• **Dataset excerpt**:
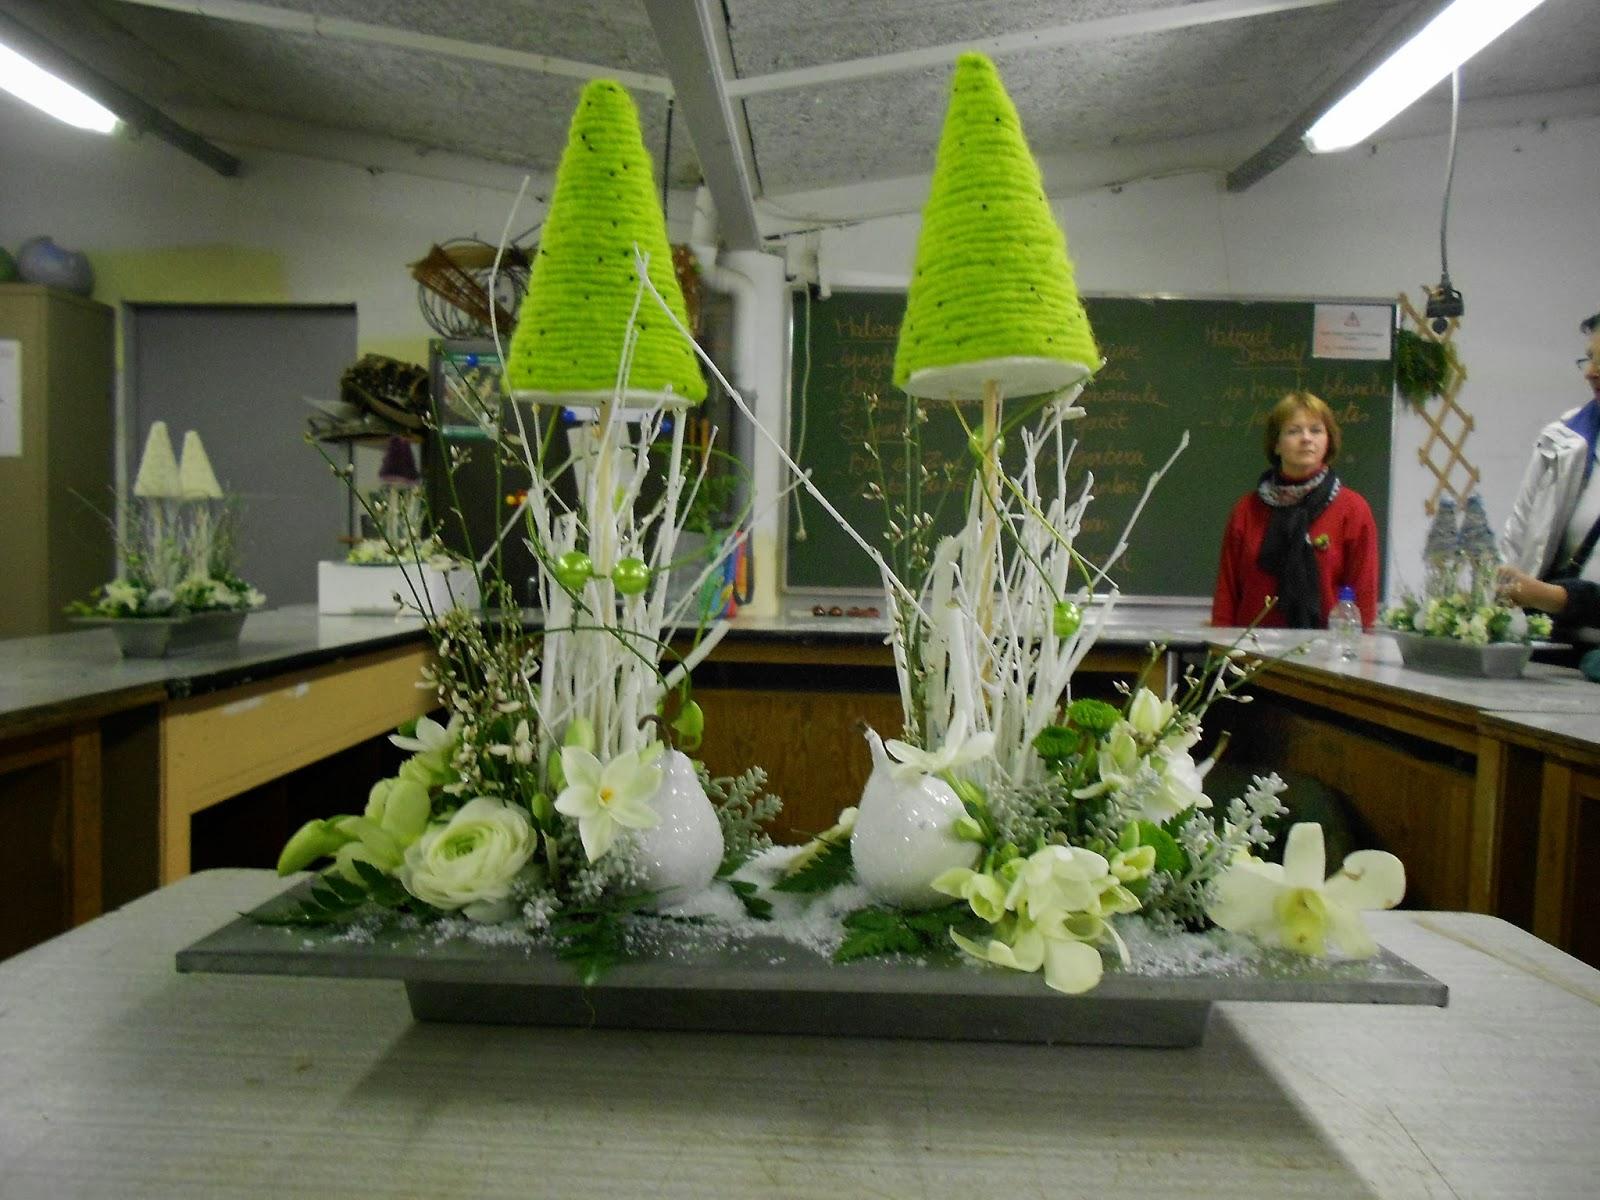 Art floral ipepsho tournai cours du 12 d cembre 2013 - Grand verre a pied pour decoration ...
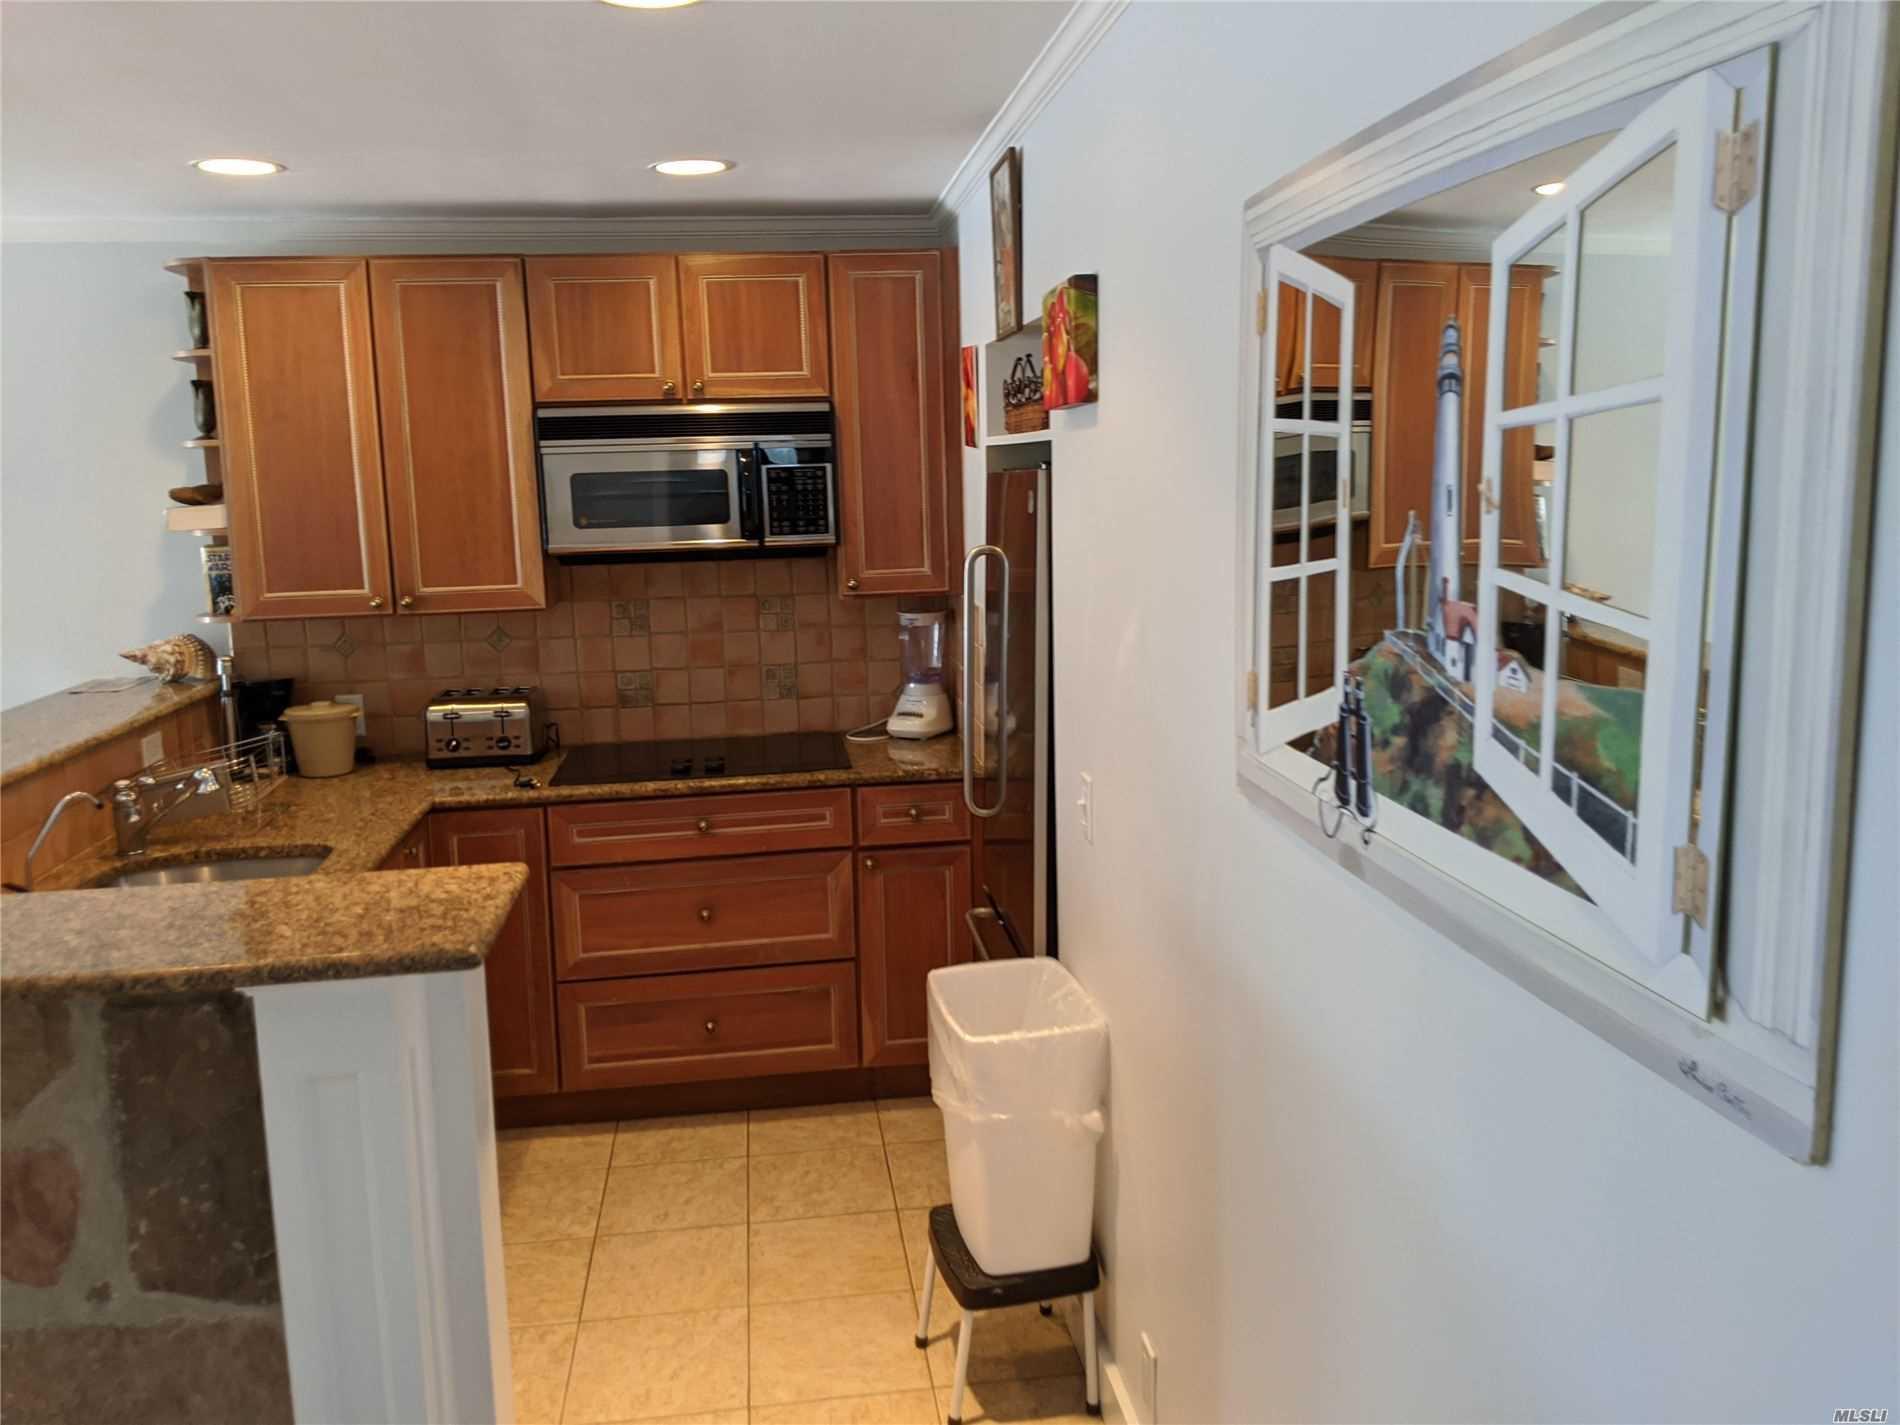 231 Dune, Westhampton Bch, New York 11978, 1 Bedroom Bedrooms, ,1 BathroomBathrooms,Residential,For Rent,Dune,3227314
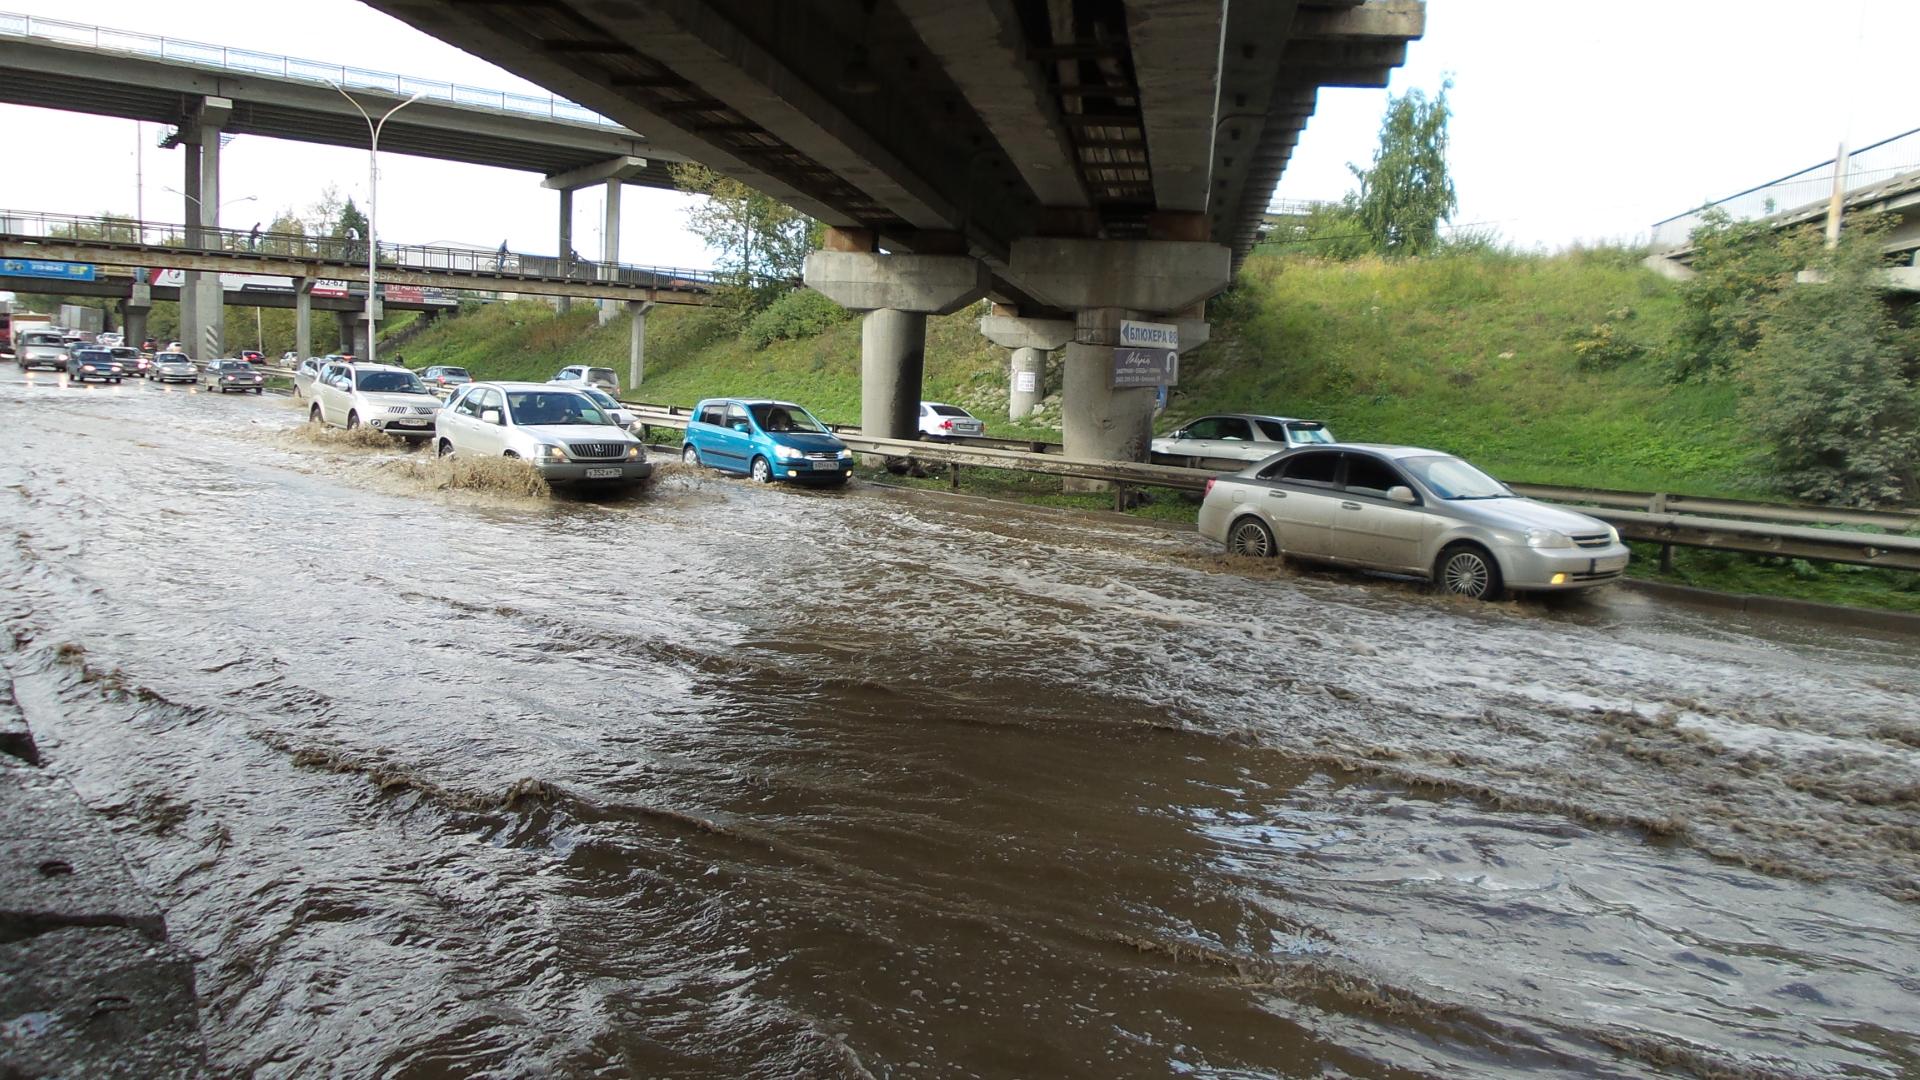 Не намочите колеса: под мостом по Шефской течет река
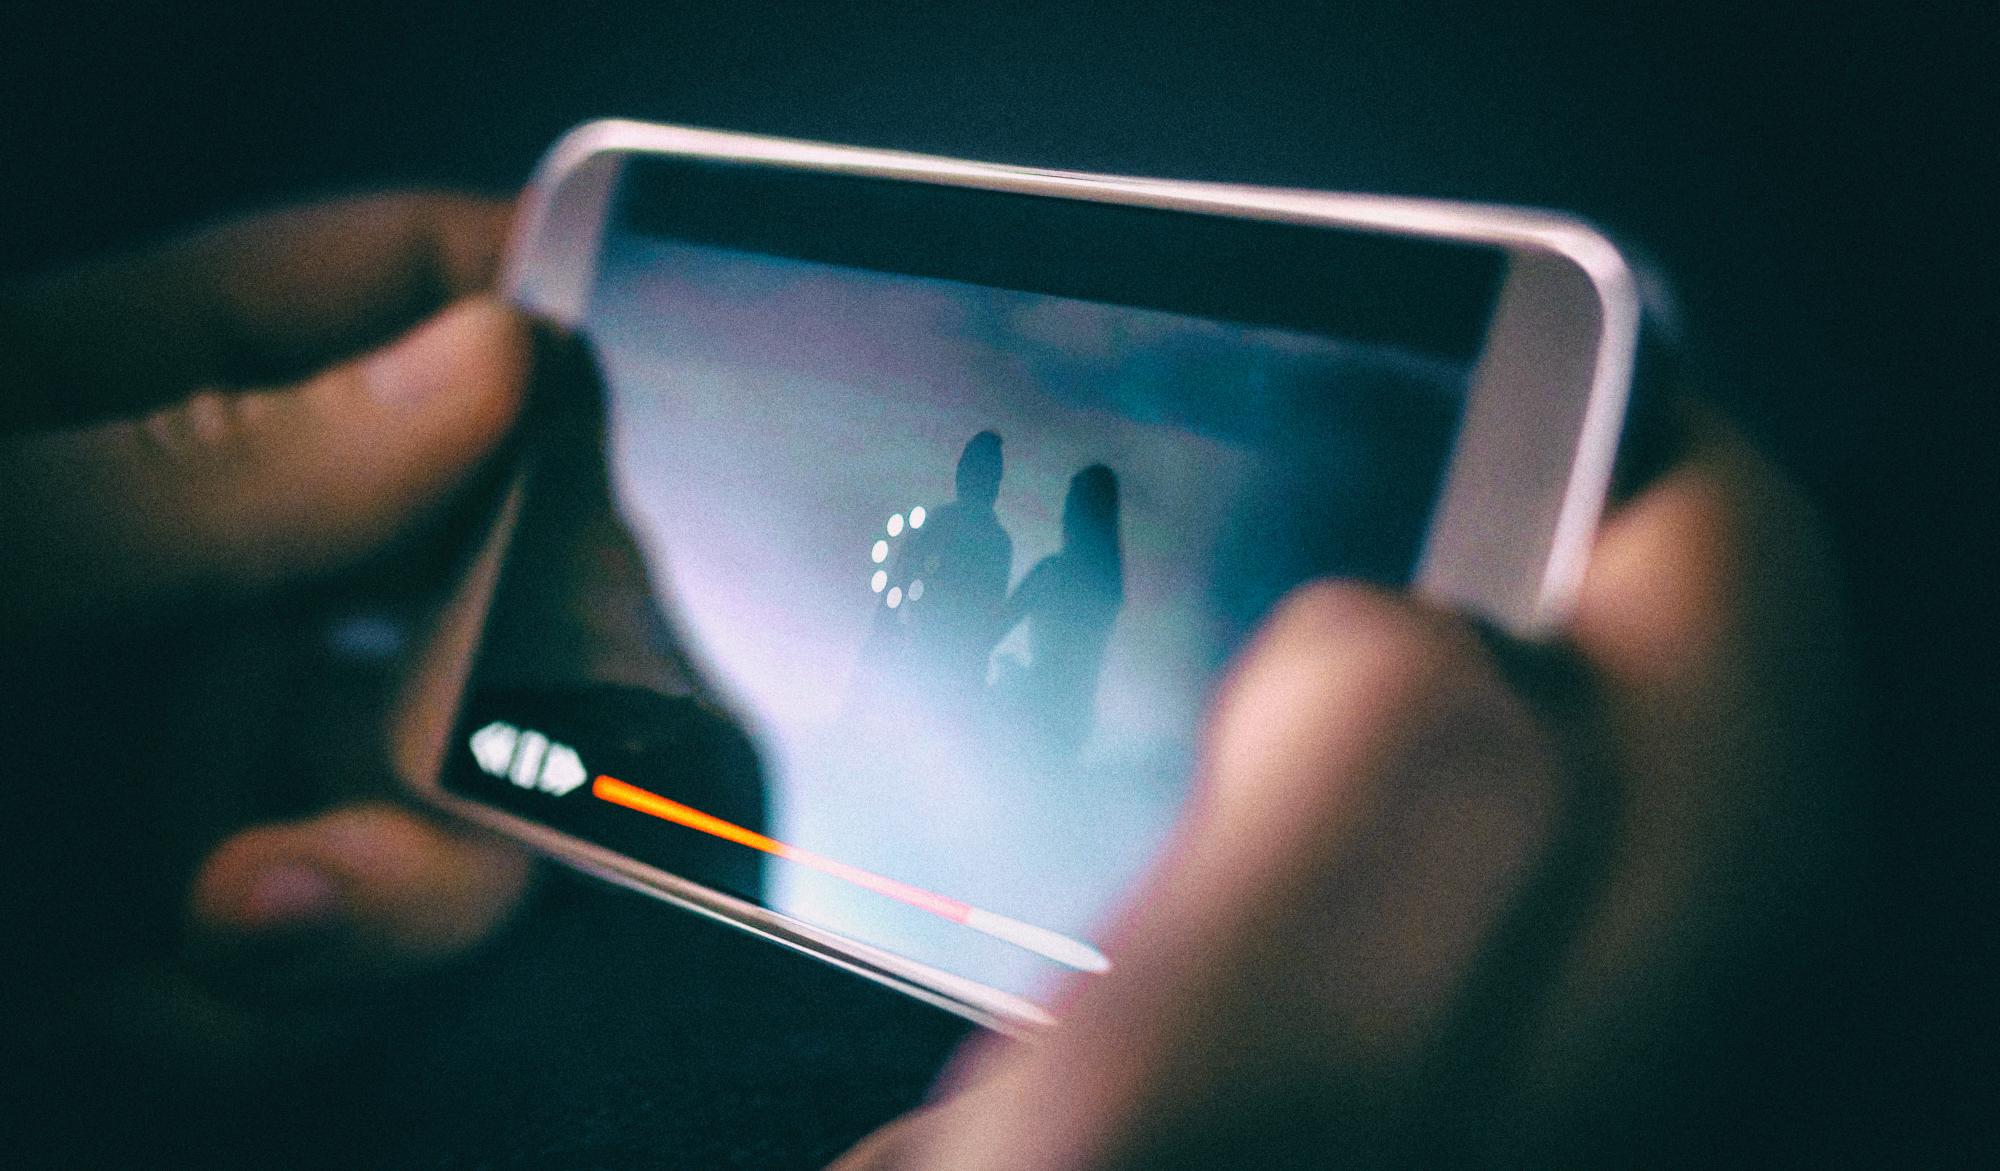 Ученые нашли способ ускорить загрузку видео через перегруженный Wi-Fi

• **Exercise details**: Write out the listing above exactly, images omitted.

• **Response area**:
 Art floral ipepsho tournai cours du 12 d cembre 2013 - Grand verre a pied pour decoration ...
 231 Dune, Westhampton Bch, New York 11978, 1 Bedroom Bedrooms, ,1 BathroomBathrooms,Residential,For Rent,Dune,3227314
 Не намочите колеса: под мостом по Шефской течет река
 Ученые нашли способ ускорить загрузку видео через перегруженный Wi-Fi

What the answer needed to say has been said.